Viés de perda (loss aversion): Trump frequentemente enquadra as relações internacionais em termos de perdas que os EUA estariam sofrendo por empregos perdidos, indústrias enfraquecidas, “desrespeito” de outros países. Essa narrativa aciona o potente medo da perda no público e nos negociadores. Segundo a Teoria do Prospecto, de Kahneman e Tversky, as pessoas tendem a arriscar mais para evitar uma perda do que para obter um ganho equivalente a ela.
Trump sabe disso intuitivamente: ao dizer que os EUA “já perderam demais” em tal relacionamento comercial, ele justifica medidas drásticas como necessárias para “estancar o sangue” . Tarifas punitivas são vendidas como remédio para recuperar o que foi perdido, ainda que muitos economistas alertem que podem causar novos danos.

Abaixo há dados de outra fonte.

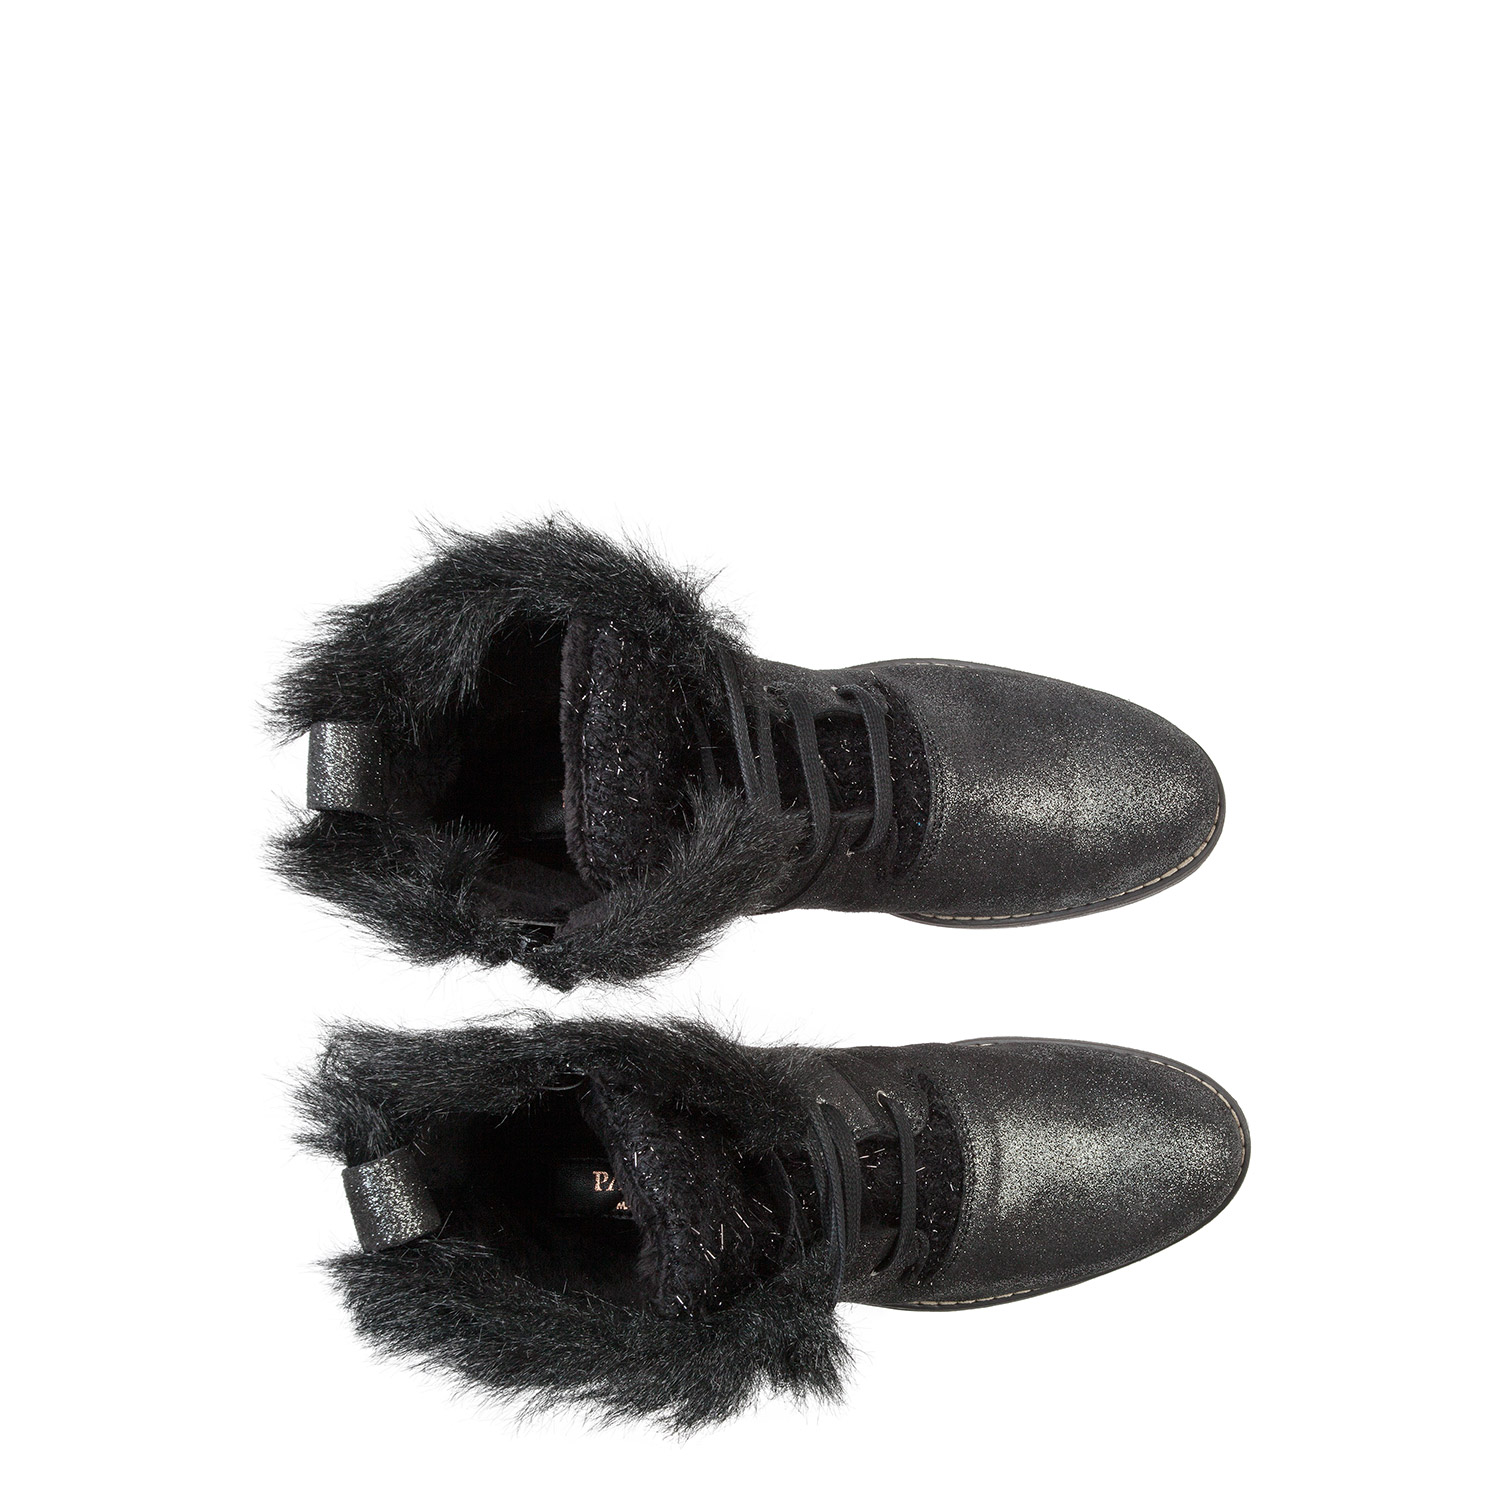 Зимние ботинки из замши и текстиля PAZOLINI SW-SNW7-8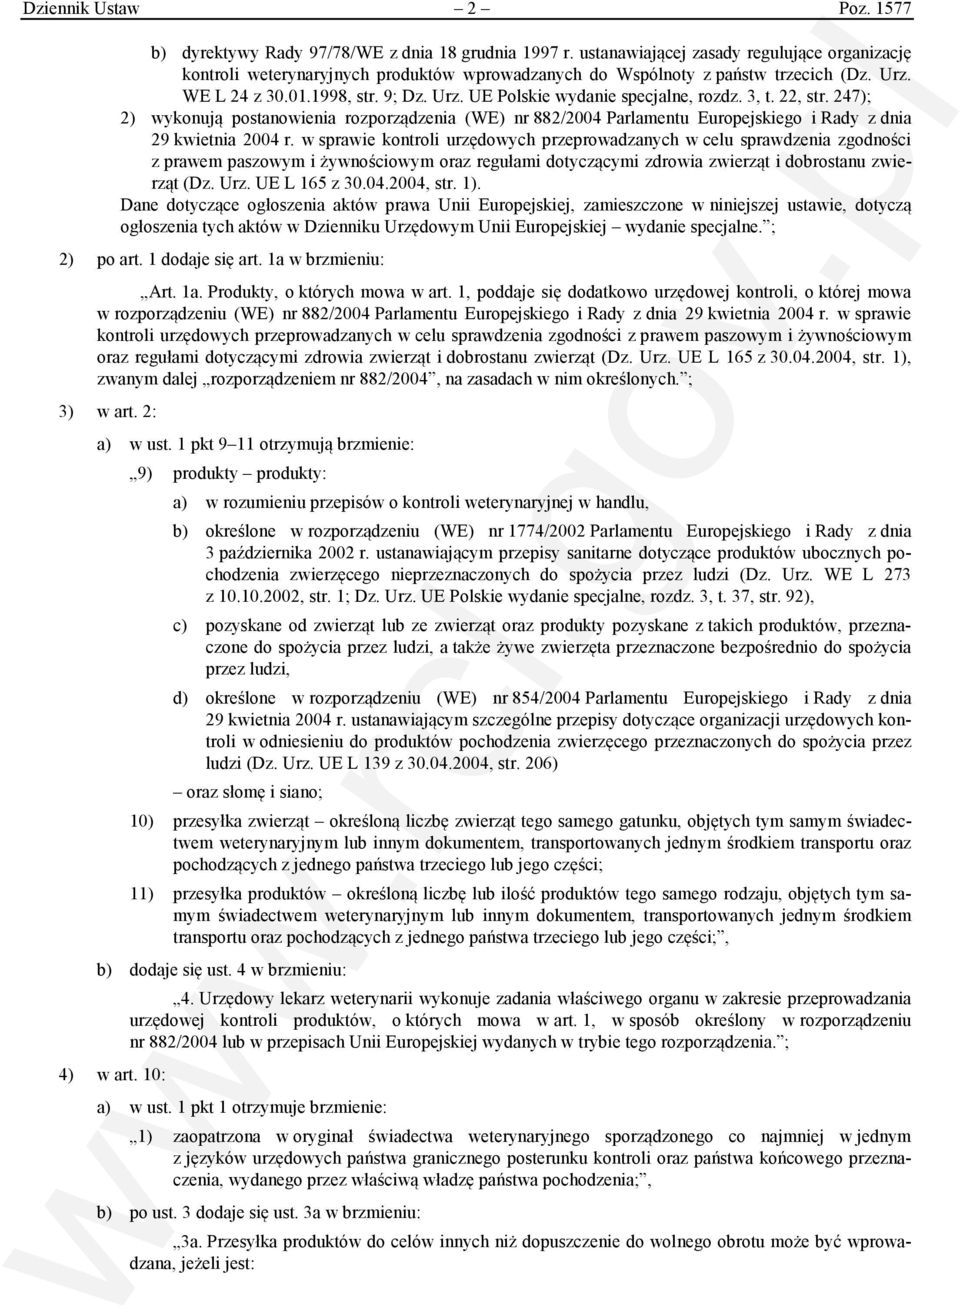 3, t. 22, str. 247); 2) wykonują postanowienia rozporządzenia (WE) nr 882/2004 Parlamentu Europejskiego i Rady z dnia 29 kwietnia 2004 r.

Falar em termos de “roubo” e “desvantagem” desperta indignação e desejo de retaliação nos americanos, o que dá respaldo interno às suas duras barganhas . Da mesma forma, para o lado oposto, ele molda a negociação para “como evitar perder acesso ao mercado americano”, um cenário assustador que pode levá-los a concessões maiores do que fariam normalmente.